O tempo que Shirley passava reclusa no lar certamente afetou sua escrita. Ao driblar os afazeres domésticos para escrever, os contornos da casa ocuparam espaço em suas histórias: como em A assombração da Casa da Colina (1959) ou em Sempre vivemos no castelo (1962), suas personagens estão inseridas em grandes lugares mal-assombrados, mas nem por isso menos claustrofóbicos.

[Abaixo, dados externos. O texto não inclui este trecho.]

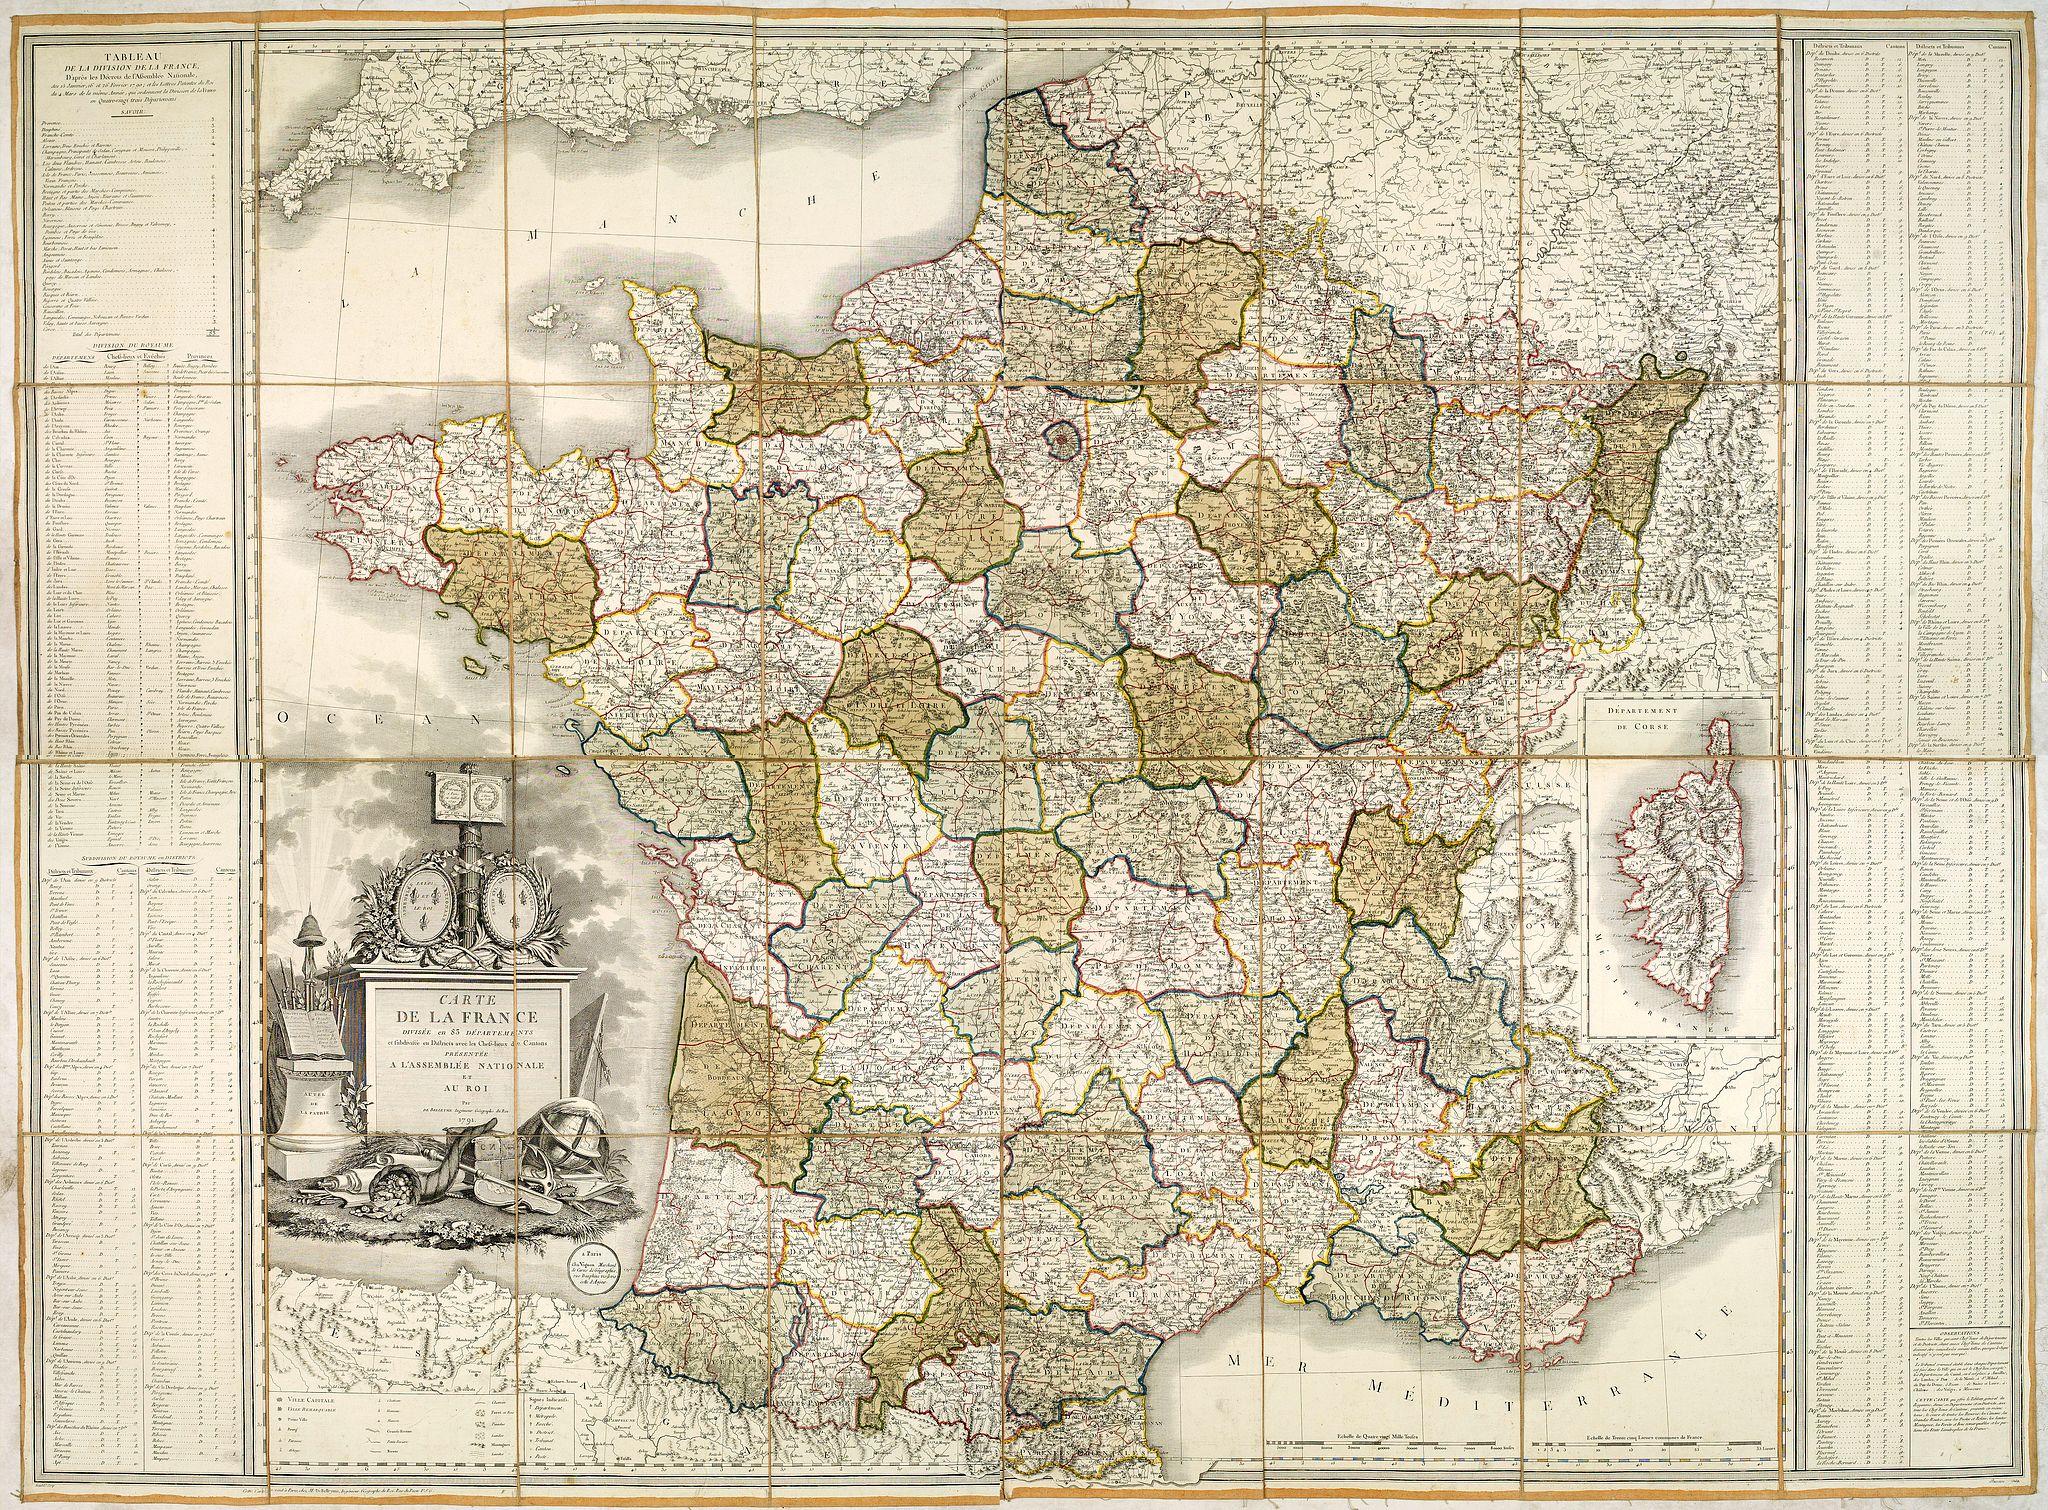 BELLEYME, P. de. -  Carte de la France Divisée en 83 Départements et Subdivisée en districts avec les Chefs-lieux de Cantons Présentée à l

Enquanto somos sondados por manifestações fantasmagóricas, Shirley nos guia por um labirinto sombrio de medo e suspense onde tudo parece familiar, até adquirir traços tão perturbadores que apenas poderiam pertencer ao âmbito sobrenatural. O ambiente doméstico deixa de representar somente o isolamento e passa a refletir medos, fragilidades e angústias dos personagens, fazendo-os questionar a própria sanidade.
"A história de casa mal-assombrada mais próxima da perfeição que eu já li."
Stephen King
Na segunda metade do século XX, a psicanálise atingia seu ápice, aproximando-se de campos como arte e literatura e impactando significativamente a obra de Jackson. O cotidiano assombroso da autora ganhou contornos ainda mais macabros ao incorporar conceitos idealizados por Freud alguns anos antes. O homem da forca (1951), seu segundo romance, narra uma história assombrosa sobre loucura e obsessão por meio de uma personagem que teme a própria consciência. Aos poucos, torna-se difícil saber onde termina a realidade e onde começa sua sombria alucinação.
O fascínio de Shirley pela mente humana aparece mais uma vez em 1954, quando a autora publica O ninho do pássaro, obra inédita no Brasil, lançada pela editora Alfaguara, com tradução de Débora Landsberg. Com dores de cabeça e lapsos de memória, a protagonista deste livro vive num casarão excêntrico e frequentemente questiona a própria realidade, já que começa a ser perseguida por suas diferentes personalidades. A história se desdobra a partir do termo "estranho familiar", cunhado por Freud, que se refere a algo que, embora familiar, evoca sentimentos de estranhamento, medo ou desconforto, sensação que permeia toda a obra de Shirley Jackson.
"Os contos de Shirley Jackson estão entre os mais assustadores já escritos."
Donna Tartt
Usar um gênero literário subjugado para questionar o conformismo social diante das tradições no meio do século XX fez Shirley Jackson entrar para a história. A autora expôs os horrores do comportamento humano e tornou-os equivalentes às entidades perversas do mundo sobrenatural, indistinguíveis entre si na familiaridade do cotidiano.
Tão atuais como na época que foram escritas, as críticas de Shirley devolvem o fôlego de mulheres deslocadas e ansiosas, sufocadas por normas sociais, nos interiores de casas mal-assombradas que parecem ter vida própria. Este texto é um convite, mas também um aviso, para se aventurar pela obra da “rainha do terror”: mesmo abrindo as portas com calma, essas histórias são tão intensas que é impossível sair ileso.